Task statement ::
All of the data that follows is to be printed exactly, without pictures.

Stored data ::
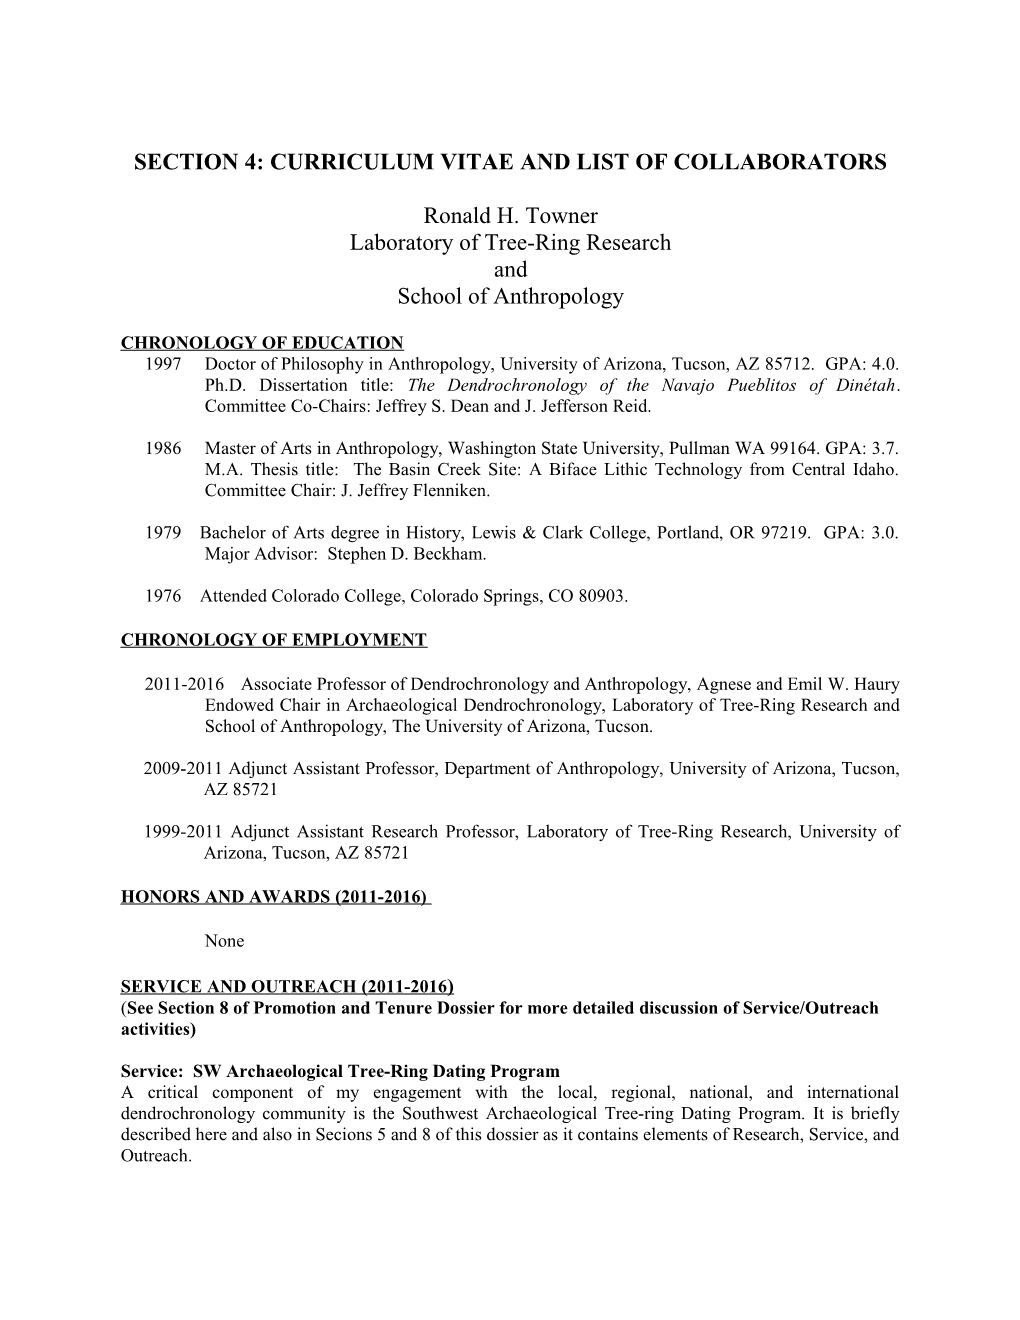 Section 4: Curriculum Vitae and List of Collaborators
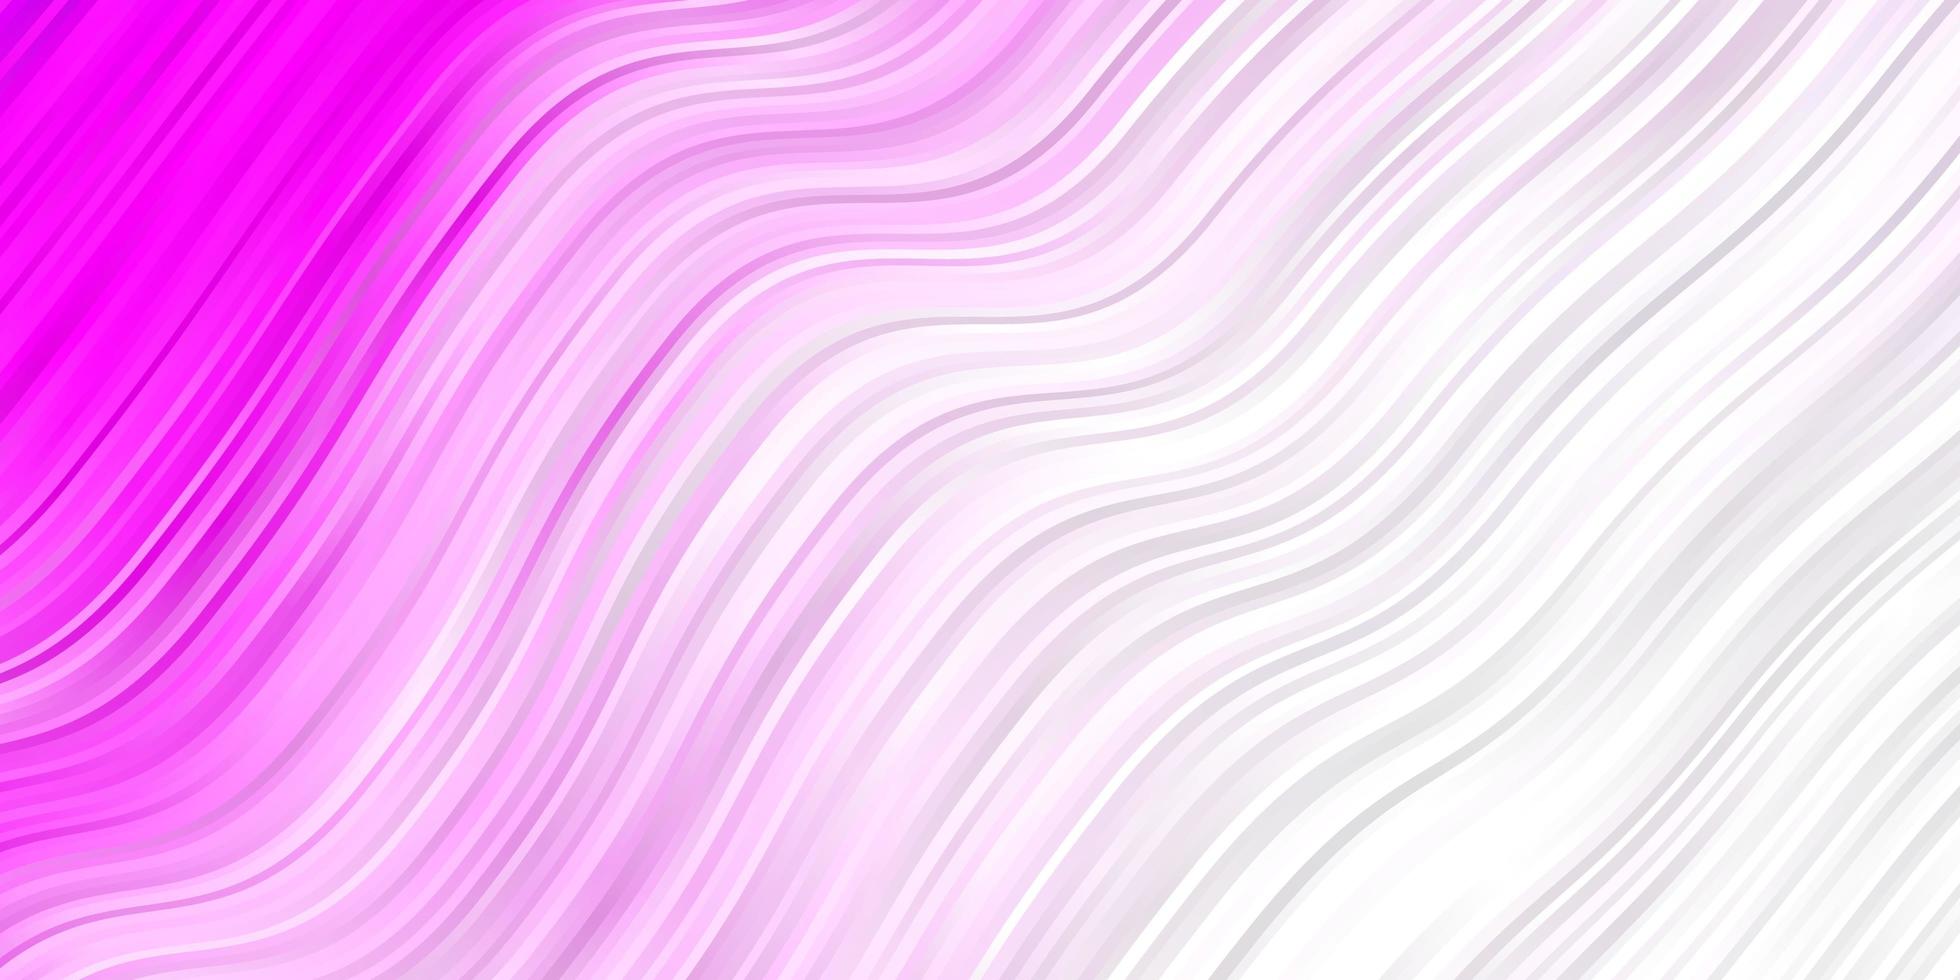 Light Purple vector background with curved lines.
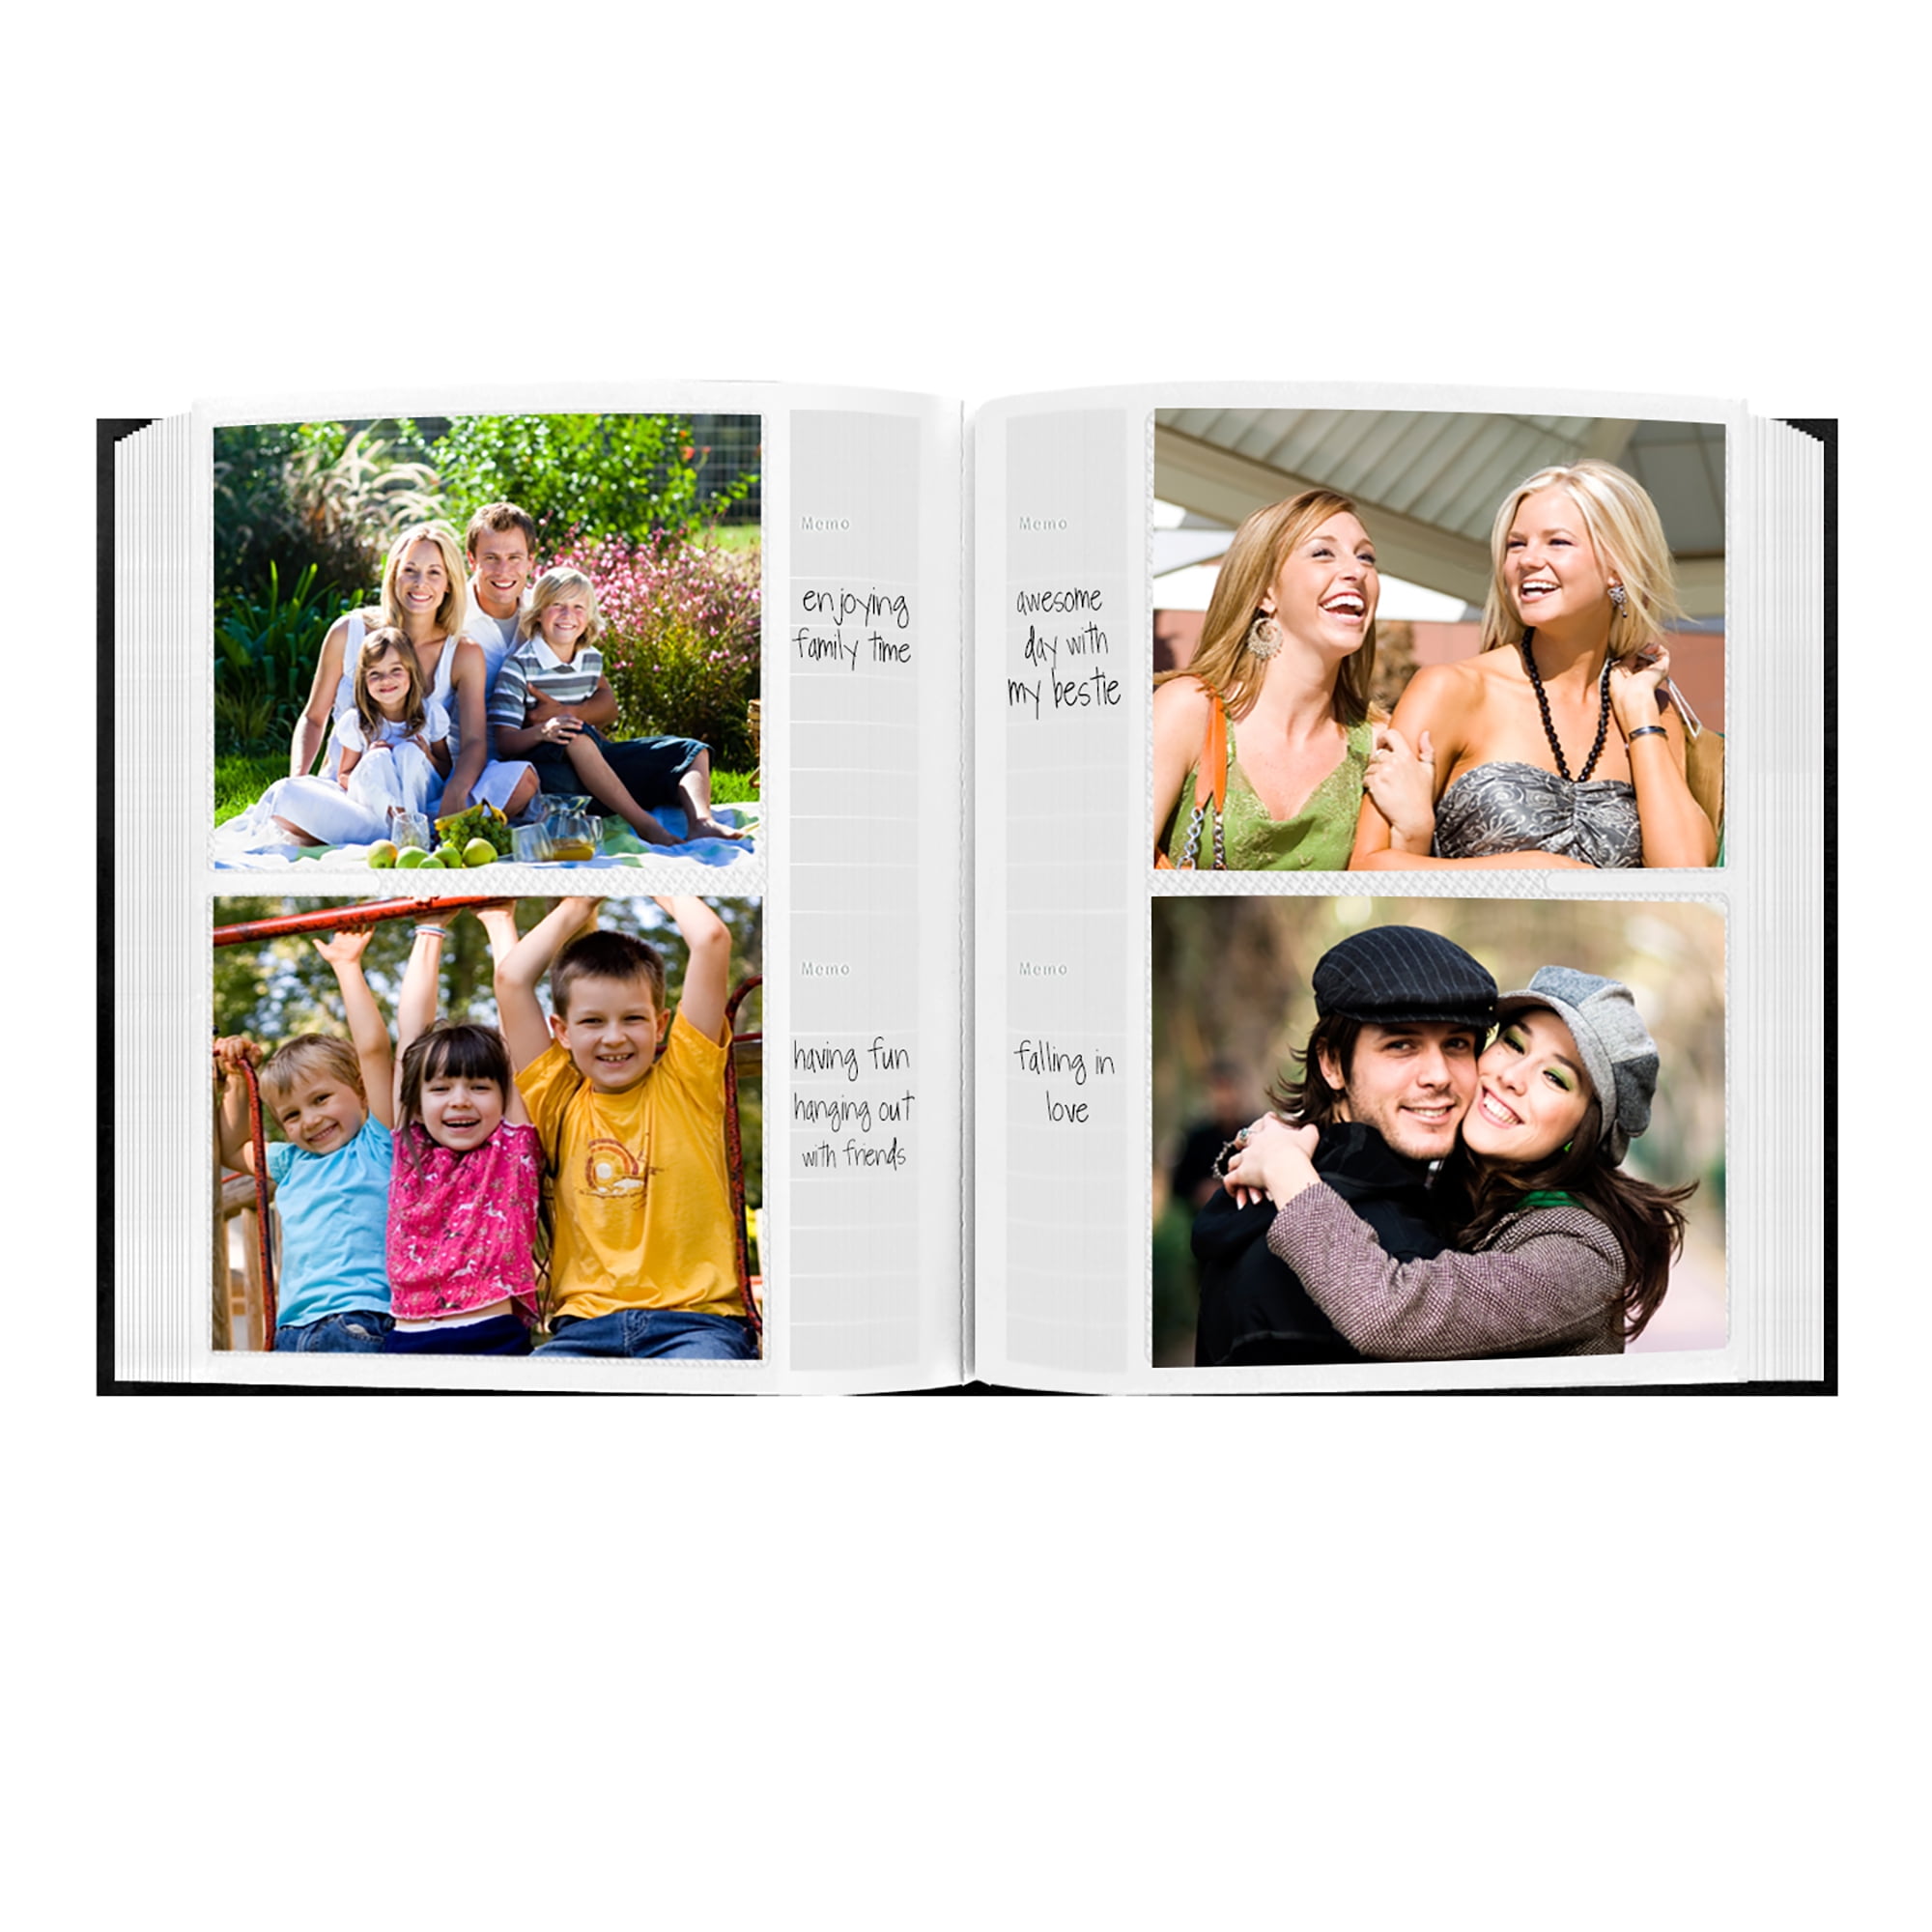 272 Pockets Photo Album 5x7 Holds 272 Photos, 5x7 Photo Album Extra Large  Capacity Leather Cover Photo Albums for Family Wedding Baby Pictures, 5 x 7

Task response ::
 Section 4: Curriculum Vitae and List of Collaborators
 Light Purple vector background with curved lines.
 272 Pockets Photo Album 5x7 Holds 272 Photos, 5x7 Photo Album Extra Large  Capacity Leather Cover Photo Albums for Family Wedding Baby Pictures, 5 x 7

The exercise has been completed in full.